** Opening SUPPLIED RECORDS block **

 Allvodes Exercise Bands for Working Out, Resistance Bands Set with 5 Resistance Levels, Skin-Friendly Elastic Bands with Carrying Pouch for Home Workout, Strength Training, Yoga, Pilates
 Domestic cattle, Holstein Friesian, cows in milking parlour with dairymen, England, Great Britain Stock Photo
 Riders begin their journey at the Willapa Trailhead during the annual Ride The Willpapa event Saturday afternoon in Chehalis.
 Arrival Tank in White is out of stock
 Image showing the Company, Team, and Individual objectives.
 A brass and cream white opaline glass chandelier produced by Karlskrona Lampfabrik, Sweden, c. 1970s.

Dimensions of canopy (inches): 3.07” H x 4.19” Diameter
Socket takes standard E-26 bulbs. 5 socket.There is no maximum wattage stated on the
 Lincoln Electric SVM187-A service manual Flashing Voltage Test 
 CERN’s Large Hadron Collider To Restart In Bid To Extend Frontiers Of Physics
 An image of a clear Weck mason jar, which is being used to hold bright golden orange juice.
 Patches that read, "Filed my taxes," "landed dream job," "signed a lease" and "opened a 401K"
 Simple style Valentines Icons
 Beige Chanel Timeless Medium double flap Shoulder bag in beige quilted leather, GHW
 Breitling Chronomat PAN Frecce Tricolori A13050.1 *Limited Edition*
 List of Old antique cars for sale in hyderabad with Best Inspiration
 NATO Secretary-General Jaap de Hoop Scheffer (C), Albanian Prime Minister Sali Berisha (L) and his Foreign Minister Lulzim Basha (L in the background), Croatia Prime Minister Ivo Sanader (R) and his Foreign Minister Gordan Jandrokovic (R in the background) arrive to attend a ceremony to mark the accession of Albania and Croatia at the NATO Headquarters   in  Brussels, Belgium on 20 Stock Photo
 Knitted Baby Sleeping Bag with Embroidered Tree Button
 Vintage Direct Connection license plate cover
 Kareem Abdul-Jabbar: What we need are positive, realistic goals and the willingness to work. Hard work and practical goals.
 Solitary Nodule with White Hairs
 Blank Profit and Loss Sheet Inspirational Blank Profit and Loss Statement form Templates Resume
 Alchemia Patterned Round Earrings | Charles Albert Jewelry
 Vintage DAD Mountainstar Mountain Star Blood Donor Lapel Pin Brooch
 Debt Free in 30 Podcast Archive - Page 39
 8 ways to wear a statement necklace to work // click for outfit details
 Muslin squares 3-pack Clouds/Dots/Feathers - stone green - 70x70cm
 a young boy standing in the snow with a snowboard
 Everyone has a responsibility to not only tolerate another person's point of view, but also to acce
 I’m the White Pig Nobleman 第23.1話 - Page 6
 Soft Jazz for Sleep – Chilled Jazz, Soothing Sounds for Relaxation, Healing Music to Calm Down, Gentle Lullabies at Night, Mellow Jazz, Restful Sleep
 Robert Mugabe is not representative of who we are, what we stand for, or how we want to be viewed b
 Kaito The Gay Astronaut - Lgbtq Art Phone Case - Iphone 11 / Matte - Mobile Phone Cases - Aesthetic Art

** Closing SUPPLIED RECORDS block **

From the entries above, write out only the lines starting at the line that holds "Beige Chanel Timeless" and ending at the line that holds "Vintage Direct Connection", keeping both and matching them exactly.

> FINAL ANSWER:
 Beige Chanel Timeless Medium double flap Shoulder bag in beige quilted leather, GHW
 Breitling Chronomat PAN Frecce Tricolori A13050.1 *Limited Edition*
 List of Old antique cars for sale in hyderabad with Best Inspiration
 NATO Secretary-General Jaap de Hoop Scheffer (C), Albanian Prime Minister Sali Berisha (L) and his Foreign Minister Lulzim Basha (L in the background), Croatia Prime Minister Ivo Sanader (R) and his Foreign Minister Gordan Jandrokovic (R in the background) arrive to attend a ceremony to mark the accession of Albania and Croatia at the NATO Headquarters   in  Brussels, Belgium on 20 Stock Photo
 Knitted Baby Sleeping Bag with Embroidered Tree Button
 Vintage Direct Connection license plate cover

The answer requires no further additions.